Werden das Bundeszentralamt für Steuern bzw. die Familienkassen angewiesen, bereits vor Inkrafttreten des Gesetzes entsprechende Kindergeldanträge zu bewilligen (bitte mit Begründung)?
Wie können Betroffene bis zum Inkrafttreten des Gesetzes hinsichtlich des Kindergeldantrages verfahren, und wie werden die Familienkassen auf entsprechende Anträge reagieren (bitte mit Begründung)?
Aus welchem Grund kann für die verbleibende Zeit des freiwilligen Wehrdienstes nicht die Regelung des § 32 Absatz 5 EStG in Anspruch genommen werden (bitte mit Begründung)?

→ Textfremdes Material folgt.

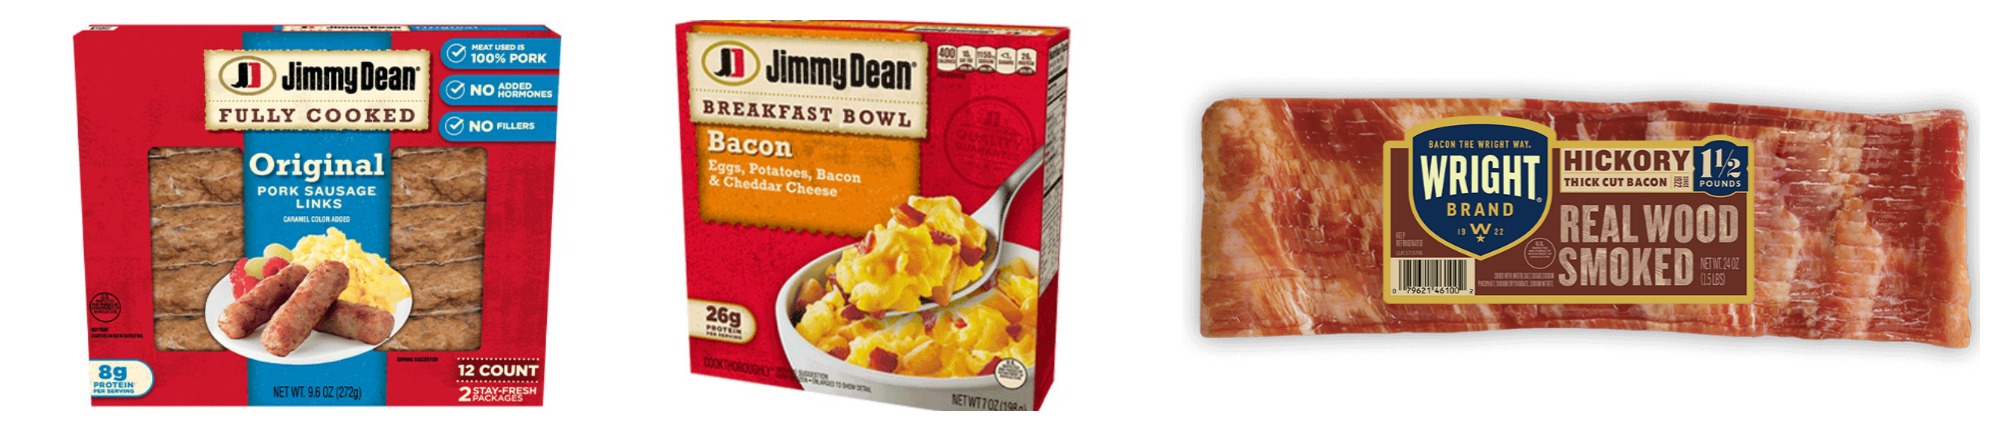 Jimmy Dean & Wright Brand Have Your Breakfast Needs Covered! on I Heart Publix 4

Teilt die Bundesregierung die Auffassung, dass § 32 Absatz 5 EStG in seiner jetzigen Form noch auf Fälle des freiwilligen Wehrdienstes infolge des § 56 des Wehrpflichtgesetzes anzuwenden ist (bitte mit Begründung)?
Um welche durchschnittlichen Beträge müssten die Entgelte des freiwilligen Wehrdienstes erhöht werden, um nach der geplanten Gesetzesänderung weiterhin Nettoentgelte in der jetzigen Höhe zu erzielen, wenn unterstellt wird, dass die Leistenden keine weiteren Einkünfte erzielen, und welche haushälterischen Gesamtbelastungen würden sich hieraus insgesamt ergeben (bitte mit Begründung)?
Mit welchen zusätzlichen Bürokratiekosten rechnet die Bundesregierung infolge der geplanten Besteuerung des freiwilligen Wehrdienstes und den damit verbundenen Pflichten bei den Sozialversicherungen, dem Lohnsteuerabzugsverfahren und der Einpflege bisher nicht erbrachter Ersatzbescheinigungen hinsichtlich der Lohnsteuerklasse (bitte mit Begründung)?
Wie beurteilt die Bundesregierung den Vorschlag, die Entgelte für die freiwilligen Dienste steuerfrei zu stellen, gleichwohl aber dem Progressionsvorbehalt zu unterwerfen (bitte mit Begründung)?
Können die Entgelte für die freiwilligen Dienste auch durch den Arbeitgeber (gegebenenfalls pauschaliert) besteuert werden (bitte mit Nennung der Rechtsnorm und möglichen Kosten bei pauschalierter Besteuerung für die Bundeswehr, die Arbeitgeber des Bundesfreiwilligendienstes)?